Information explosion

Last updated

The information explosion is the rapid increase in the amount of published information or data and the effects of this abundance. [1] As the amount of available data grows, the problem of managing the information becomes more difficult, which can lead to information overload. The Online Oxford English Dictionary indicates use of the phrase in a March 1964 New Statesman article. [2] The New York Times first used the phrase in its editorial content in an article by Walter Sullivan on June 7, 1964, in which he described the phrase as "much discussed". (p11.) [3] The earliest known use of the phrase was in a speech about television by NBC president Pat Weaver at the Institute of Practitioners of Advertising in London on September 27, 1955. The speech was rebroadcast on radio station WSUI in Iowa and excerpted in the Daily Iowan newspaper two months later. [4]

Contents

Many sectors are seeing this rapid increase in the amount of information available such as healthcare, supermarkets, and governments. [5] Another sector that is being affected by this phenomenon is journalism. Such a profession, which in the past was responsible for the dissemination of information, may be suppressed by the overabundance of information today. [6]

Techniques to gather knowledge from an overabundance of electronic information (e.g., data fusion may help in data mining) have existed since the 1970s. Another common technique to deal with such amount of information is qualitative research. [7] Such approaches aim to organize the information, synthesizing, categorizing and systematizing in order to be more usable and easier to search.

Growth patterns

A new metric that is being used in an attempt to characterize the growth in person-specific information, is the disk storage per person (DSP), which is measured in megabytes/person (where megabytes is 106 bytes and is abbreviated MB). Global DSP (GDSP) is the total rigid disk drive space (in MB) of new units sold in a year divided by the world population in that year. The GDSP metric is a crude measure of how much disk storage could possibly be used to collect person-specific data on the world population. [5] In 1983, one million fixed drives with an estimated total of 90 terabytes were sold worldwide; 30MB drives had the largest market segment. [9] In 1996, 105 million drives, totaling 160,623 terabytes were sold with 1 and 2 gigabyte drives leading the industry. [10] By the year 2000, with 20GB drive leading the industry, rigid drives sold for the year are projected to total 2,829,288 terabytes Rigid disk drive sales to top $34 billion in 1997.

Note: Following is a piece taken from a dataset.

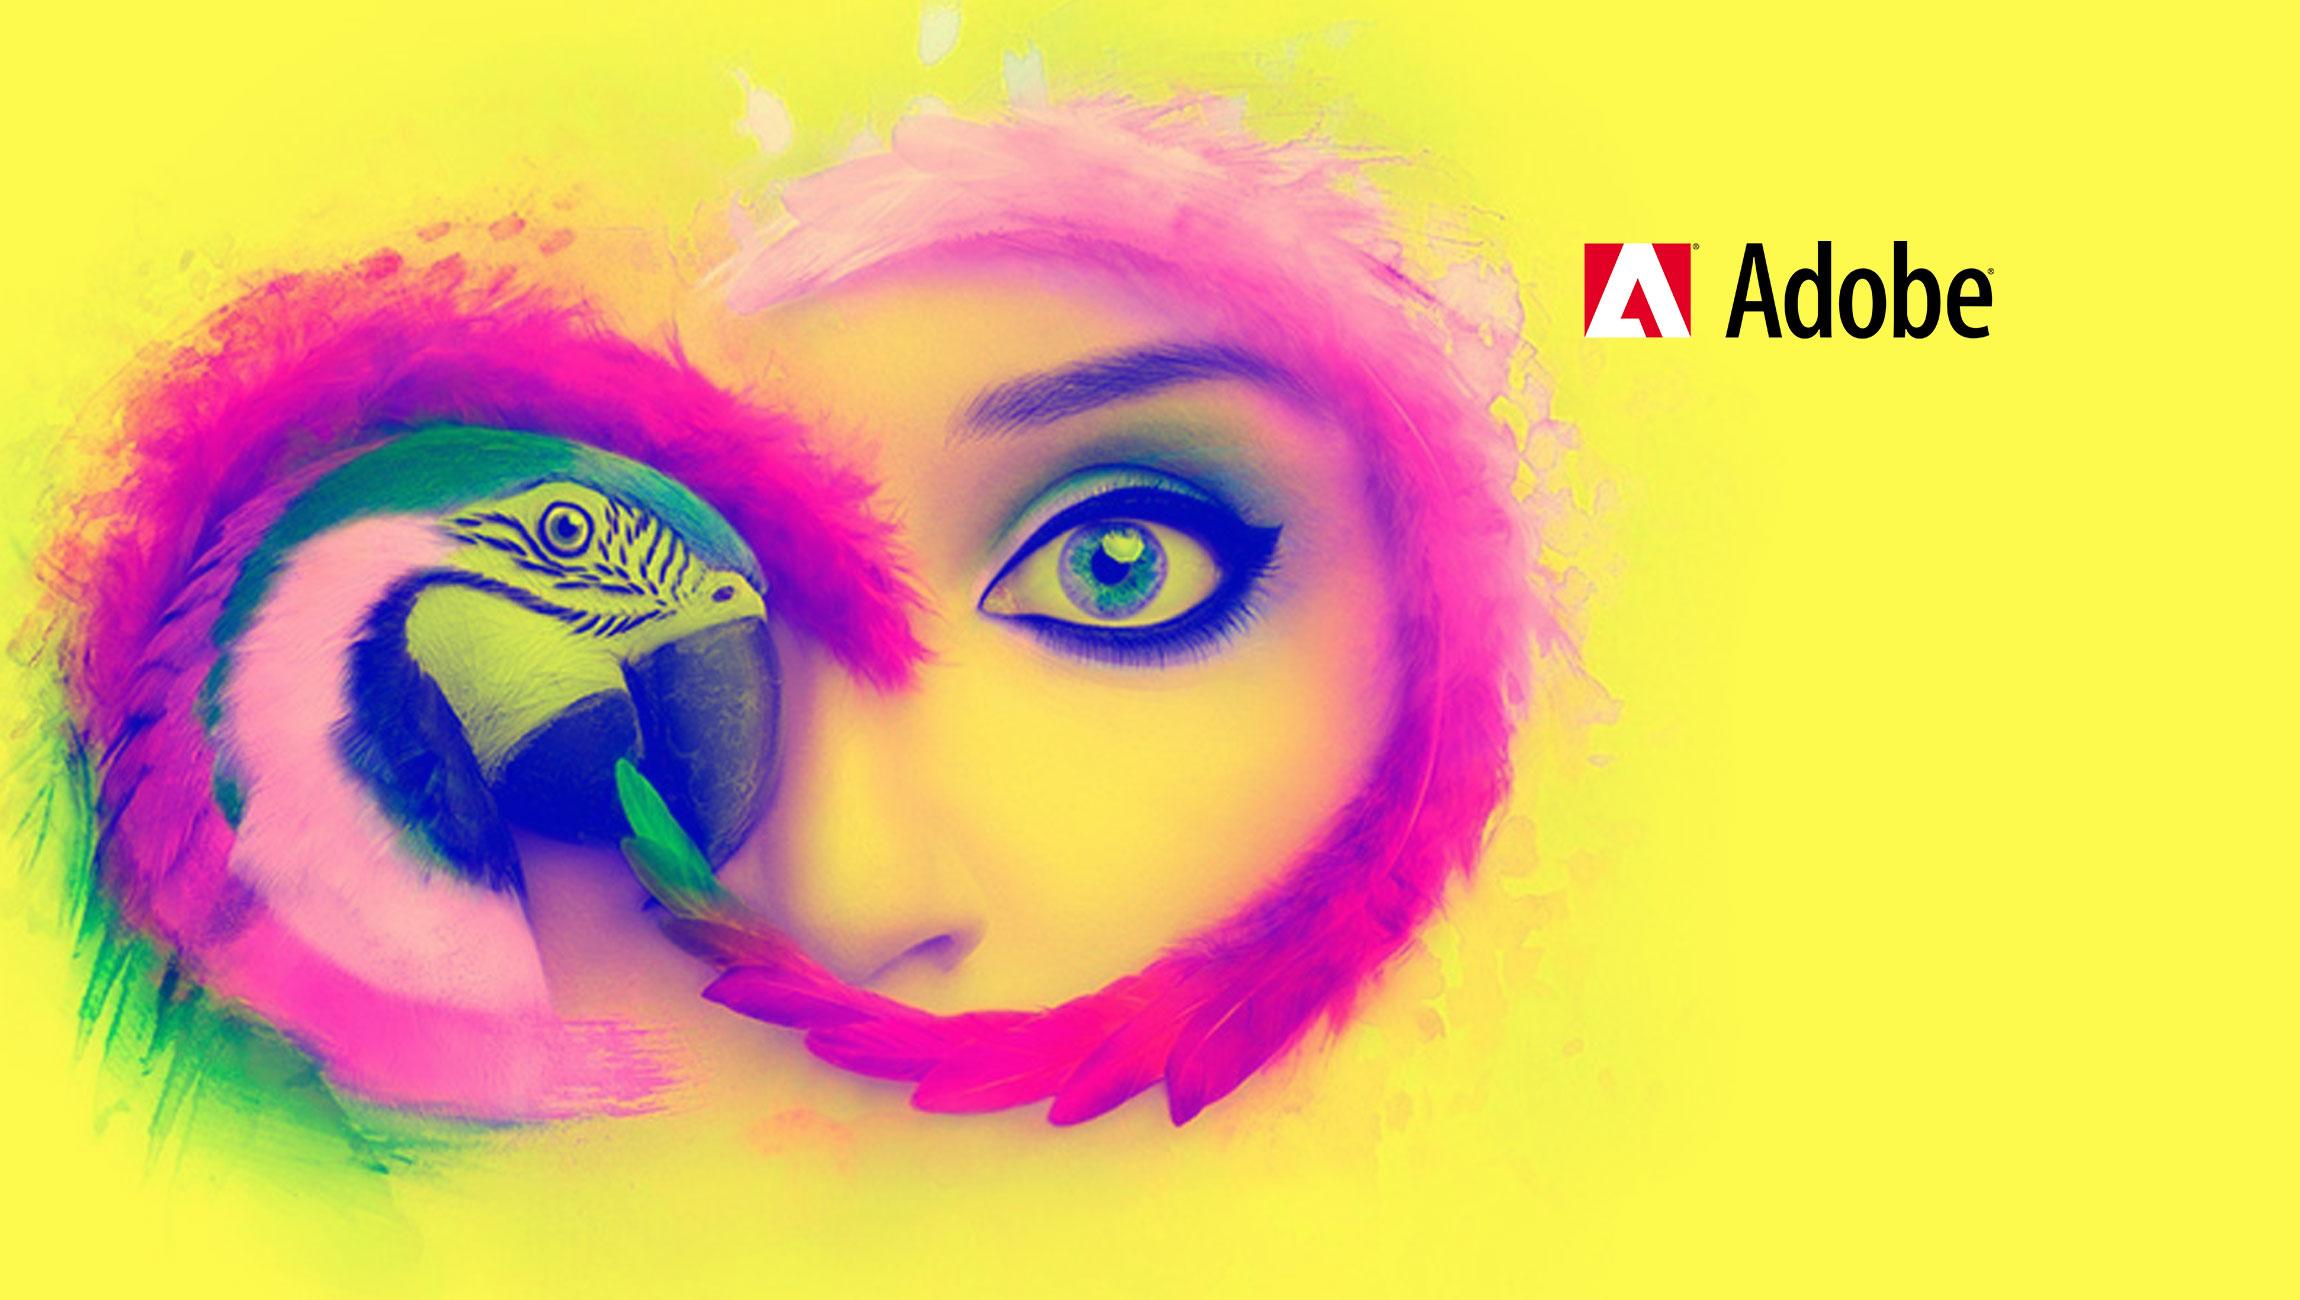 Adobe Named a Leader in 2019 Gartner Magic Quadrant for Personalization Engines & Magic Quadrant for Web Content Management

According to Latanya Sweeney, there are three trends in data gathering today:

Type 1. Expansion of the number of fields being collected, known as the “collect more” trend.

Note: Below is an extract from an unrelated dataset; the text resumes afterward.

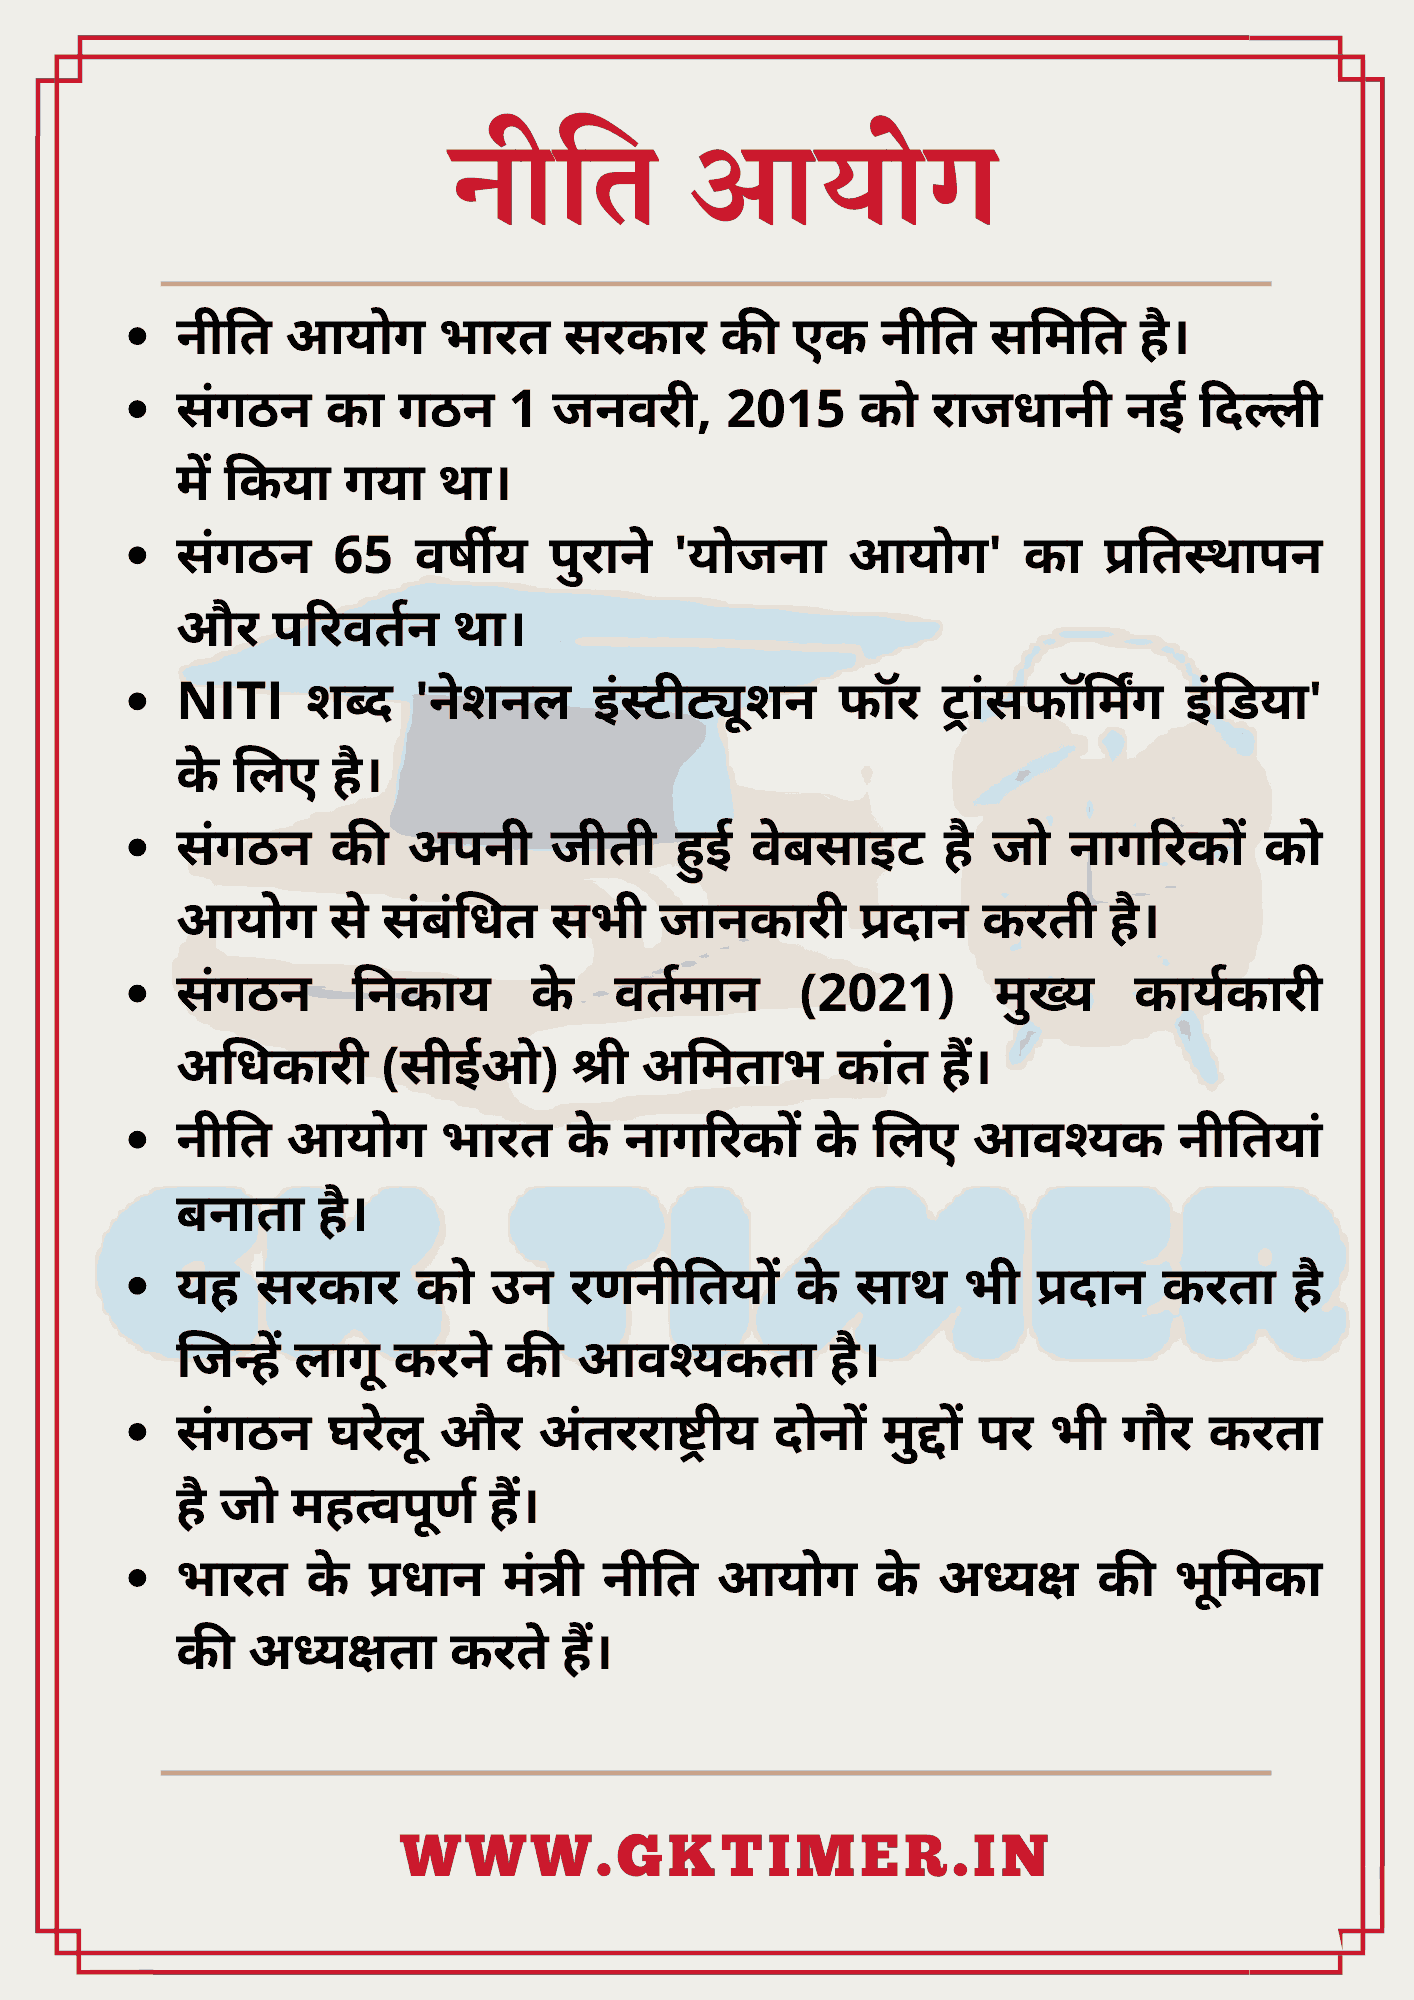 नीति आयोग पर निबंध   Essay on NITI Aayog in Hindi   10 Lines on NITI Aayog in Hindi

Type 2. Replace an existing aggregate data collection with a person-specific one, known as the “collect specifically” trend.

Type 3. Gather information by starting a new person-specific data collection, known as the “collect it if you can” trend. [5]

Since "information" in electronic media is often used synonymously with "data", the term information explosion is closely related to the concept of data flood (also dubbed data deluge). Sometimes the term information flood is used as well. All of those basically boil down to the ever-increasing amount of electronic data exchanged per time unit. The awareness about non-manageable amounts of data grew along with the advent of ever more powerful data processing since the mid-1960s. [11]

Challenges

Even though the abundance of information can be beneficial in several levels, some problems may be of concern such as privacy, legal and ethical guidelines, filtering and data accuracy. [12] Filtering refers to finding useful information in the middle of so much data, which relates to the job of data scientists. A typical example of a necessity of data filtering (data mining) is in healthcare since in the next years is due to have EHRs (Electronic Health Records) of patients available. With so much information available, the doctors will need to be able to identify patterns and select important data for the diagnosis of the patient. [12] On the other hand, according to some experts, having so much public data available makes it difficult to provide data that is actually anonymous. [5] Another point to take into account is the legal and ethical guidelines, which relates to who will be the owner of the data and how frequently he/she is obliged to the release this and for how long. [12] With so many sources of data, another problem will be accuracy of such. An untrusted source may be challenged by others, by ordering a new set of data, causing a repetition in the information. [12] According to Edward Huth, another concern is the accessibility and cost of such information. [13] The accessibility rate could be improved by either reducing the costs or increasing the utility of the information. The reduction of costs according to the author, could be done by associations, which should assess which information was relevant and gather it in a more organized fashion.

Web servers

As of August 2005, there were over 70 million web servers. [14] As of September 2007 there were over 135 million web servers. [15]

Blogs

According to Technorati, the number of blogs doubles about every 6 months with a total of 35.3 million blogs as of April 2006. [16] This is an example of the early stages of logistic growth, where growth is approximately exponential, since blogs are a recent innovation. As the number of blogs approaches the number of possible producers (humans), saturation occurs, growth declines, and the number of blogs eventually stabilizes.

See also

Related Research Articles

<span class="mw-page-title-main">Disk storage</span> General category of storage mechanisms

Disk storage is a general category of storage mechanisms where data is recorded by various electronic, magnetic, optical, or mechanical changes to a surface layer of one or more rotating disks. A disk drive is a device implementing such a storage mechanism. Notable types are the hard disk drive (HDD) containing a non-removable disk, the floppy disk drive (FDD) and its removable floppy disk, and various optical disc drives (ODD) and associated optical disc media.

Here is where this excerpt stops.